On the downside, the credit is not available to full-time students or those who can be claimed as dependents. It is also non-refundable like others mentioned above.
IRAs provide last-minute tax relief, for some
Contributing to a traditional IRA is itself one of the few planning tips still available to people looking to reduce their tax debt for 2021.
“Eligible individuals who didn’t save for retirement last year can contribute to an IRA through April 18, 2022 for the 2021 tax year — and may be able to claim the saver’s credit. “, Collinson said.
This filing season, more people could fall under traditional or Roth IRA income limits if they lose their jobs in 2021 or voluntarily take a leave of absence. Eligibility — and how much you can deduct in traditional IRAs — largely depends on your income and whether you or your spouse are covered by workplace retirement programs. Details are available at irs.gov.
Relatively few people contribute new money to all types of IRAs. Confusion over eligibility is a major roadblock, and many workers prefer to direct their dollars to workplace 401(k)s and other plans that offer matching funds to the employer. IRA balances are growing, but this largely reflects transfers or rollovers from 401(k) and similar programs.
Get ready for more accurate reporting
Here’s a tax-heavy new rule that will affect many people in the future: Money you receive on various payment processing apps will now be reported to the IRS, and you’ll receive a Form 1099-K, if your gross proceeds exceeds $600 per year. . The rule does not impose new taxes, but is designed to tighten tax reporting.

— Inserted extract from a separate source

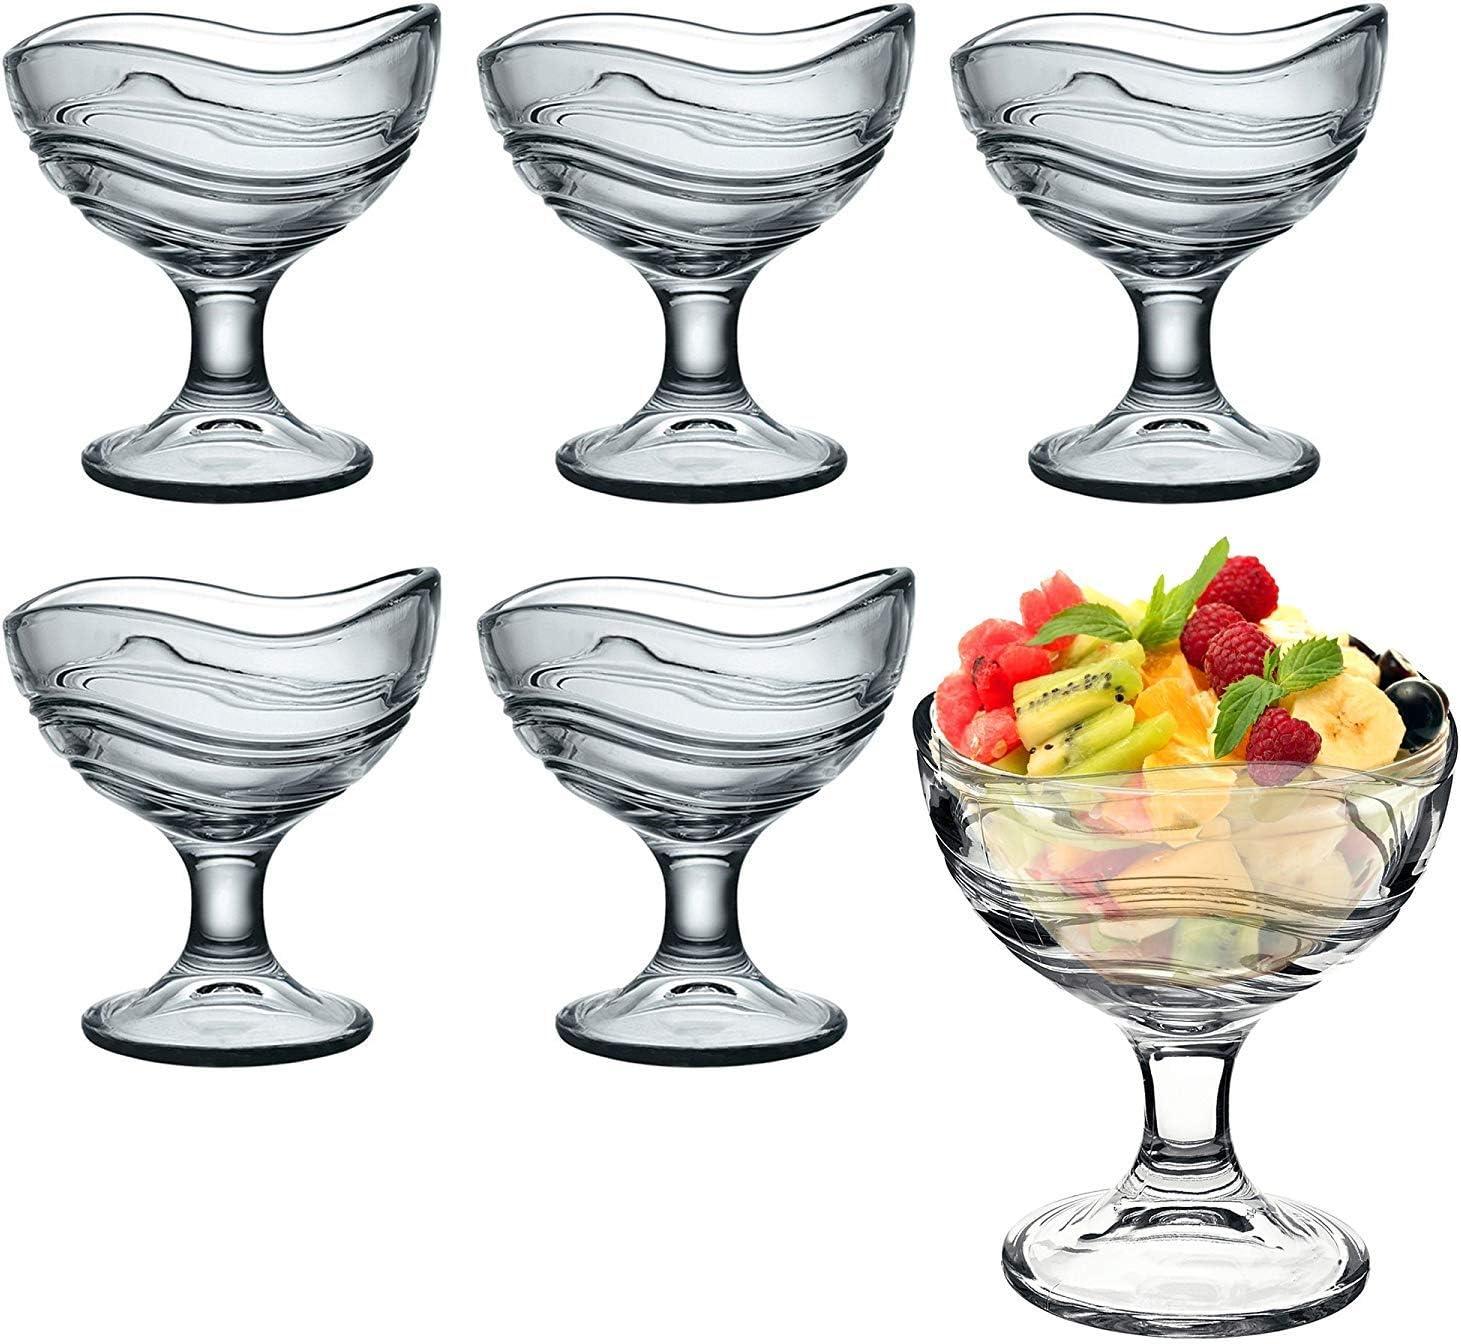 6 Stück Glas Eisbecher Dessert Eisschalen  Eisgläser Glasschale Eis Schalen

“It’s going after the self-employed, gig workers and those with hustles,” said Marc Lamber, attorney at Fennemore Craig in Phoenix. Through increased voluntary tax compliance and greater awareness of existing rules, the IRS expects to generate an additional $1 billion in revenue next year, he said.

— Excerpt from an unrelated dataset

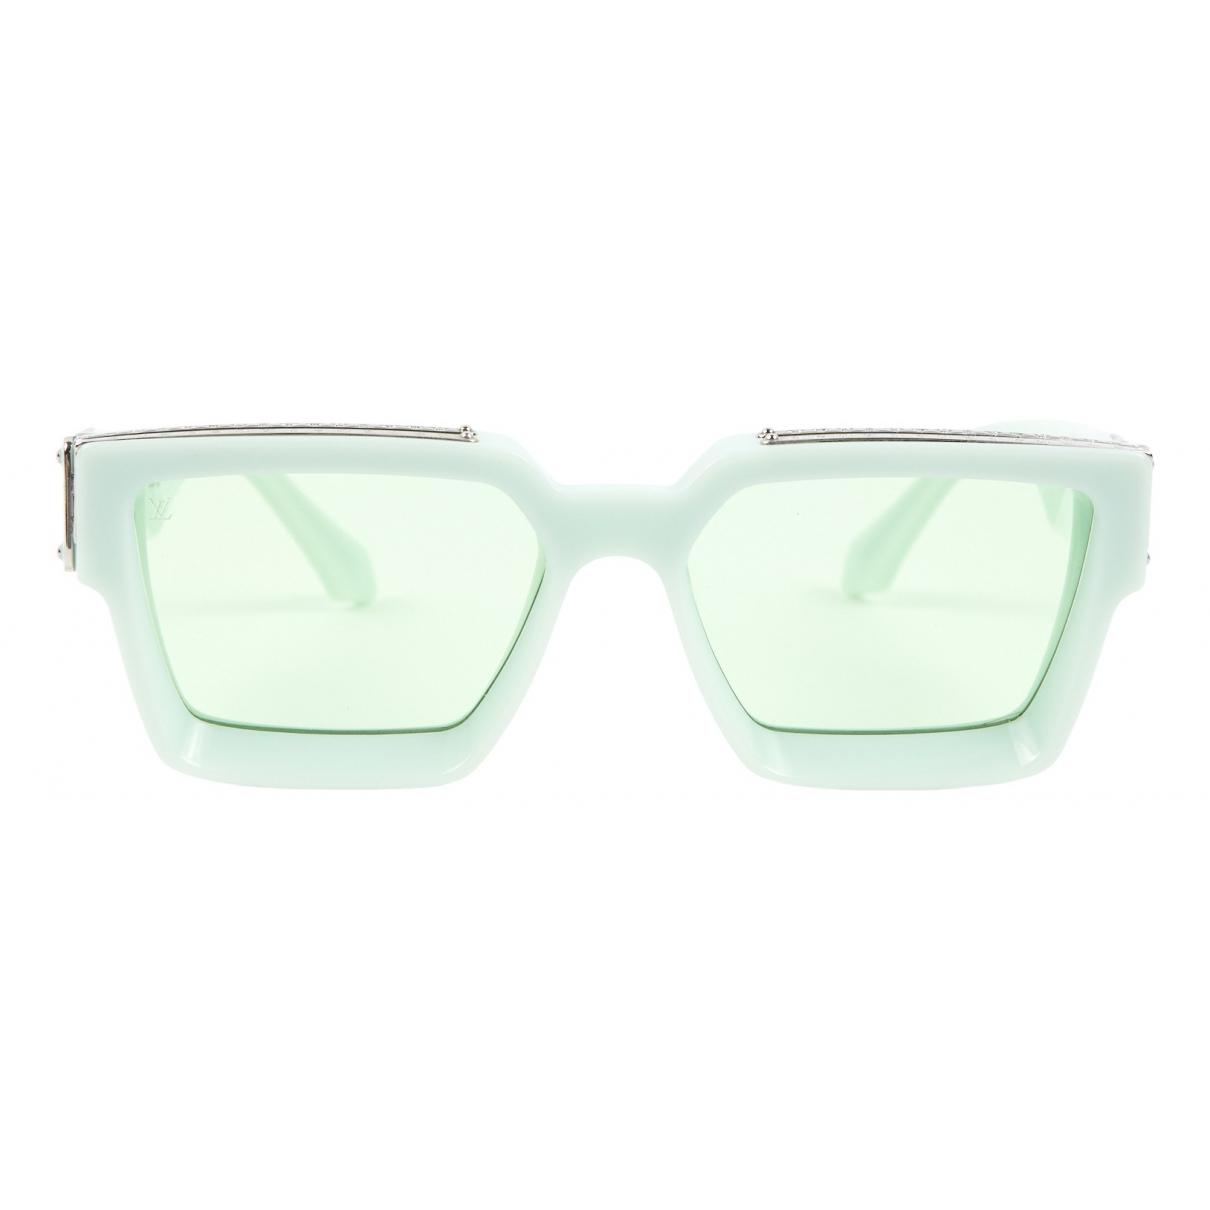 Louis Vuitton - Lunettes   pour femme - vert

The new rule will apply to payment apps including Venmo, PayPal and CashApp, but not to Zelle, which is not a payment app but rather an interbank transaction processor.
One caveat is that you could receive a 1099-K next year for non-taxable personal transactions such as gifts or if you received money from a fellow traveler for their share of your cruise cabin. , or if you took payment from friends for a dinner joint.

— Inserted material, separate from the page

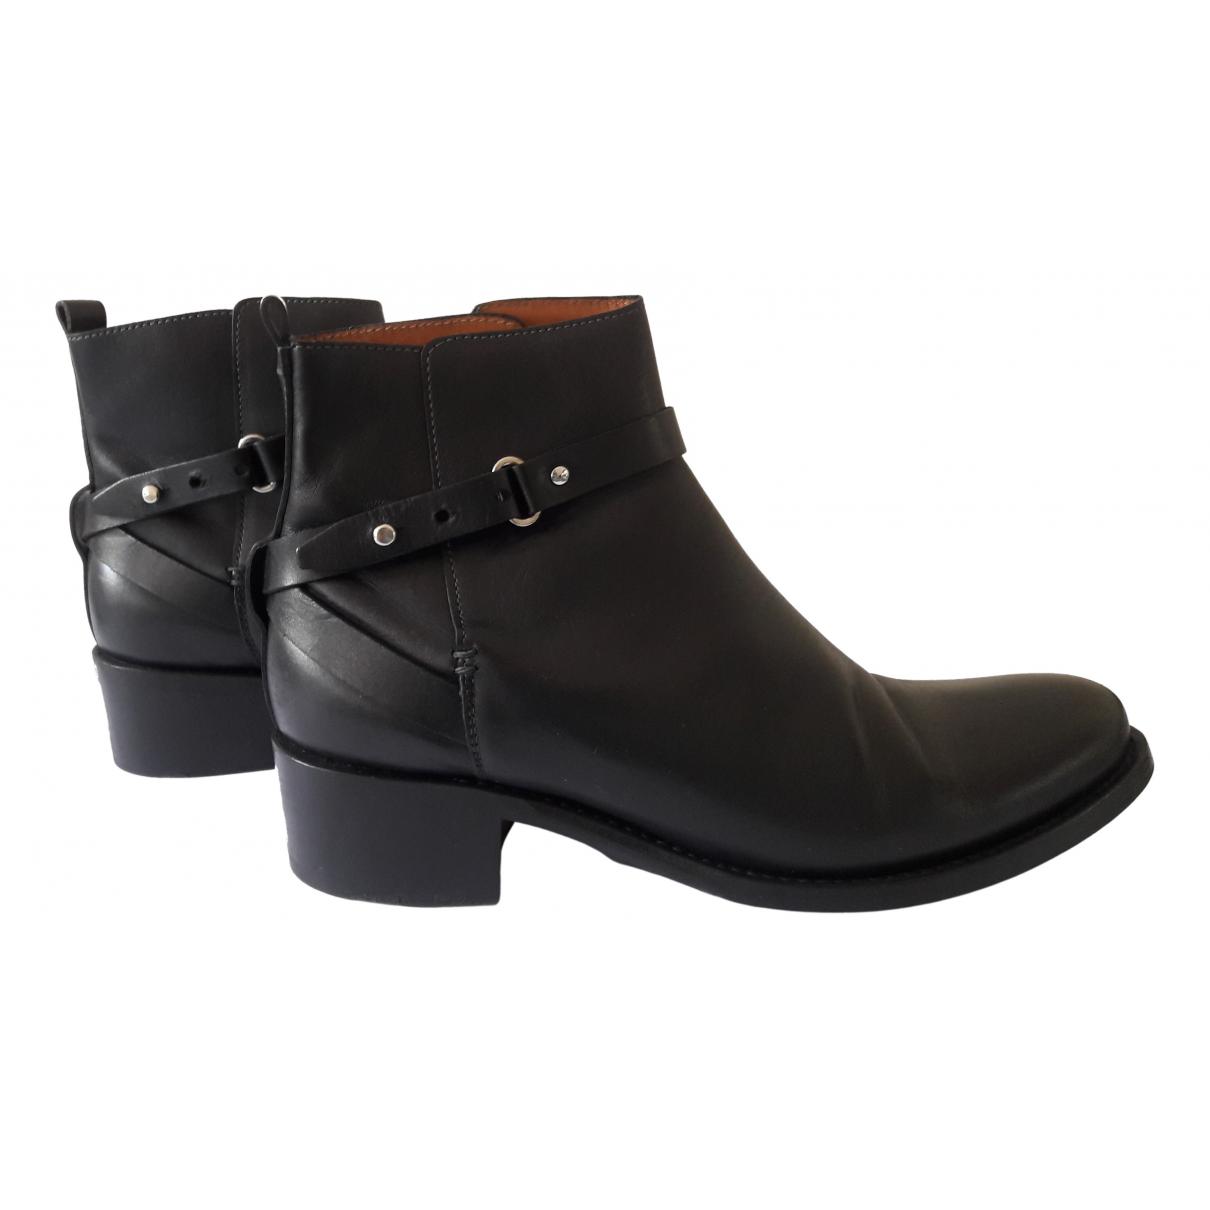 Heschung \N Stiefeletten in  Schwarz Leder

Generally, transactions between family members and friends aren’t taxable, but you could still receive a 1099-K that may need to be corrected, Lamber said. That’s why it’s important to start keeping good records now rather than waiting for next year’s filing season.
Again, some taxes might apply on transactions that you might consider personal, such as selling a rare coin, piece of art, or even a used car for a profit.
Should the IRS ease penalties mid-term?
Taxpayer advocacy groups and those supporting tax preparers have called on the IRS to ease penalties as the agency continues to grapple with pandemic-related backlogs. Congress has taken note of proposals such as the Taxpayer Penalty Protection Act or House Bill 5155, which would remove certain penalties if, for example, individuals paid at least 70% of their tax due in the current year.
However, retroactive mid-season tax changes may cause headaches for the public, tax preparers and the IRS and compound the backlog problem, says a group that represents IRS managers. and other federal agencies.
“It’s the job of Congress to pass legislation, which executive agencies like the IRS will gladly execute,” said Chad Hooper, executive director of the Professional Managers Association, in a report. But asking the IRS to do so in the middle of filing season can be very disruptive, he added.
Passing legislation like this would force entire IRS departments to halt their current work and shift gears. And if taxpayers are affected by changes after filing their returns, they may need to file amended returns, further complicating the process.
“This leads to serious delays and confusion and greatly increases the risk of errors, making tax filing season more difficult for everyone involved,” Hooper explained. He encourages Congress to pass tax bills that take effect down the road, not retroactively.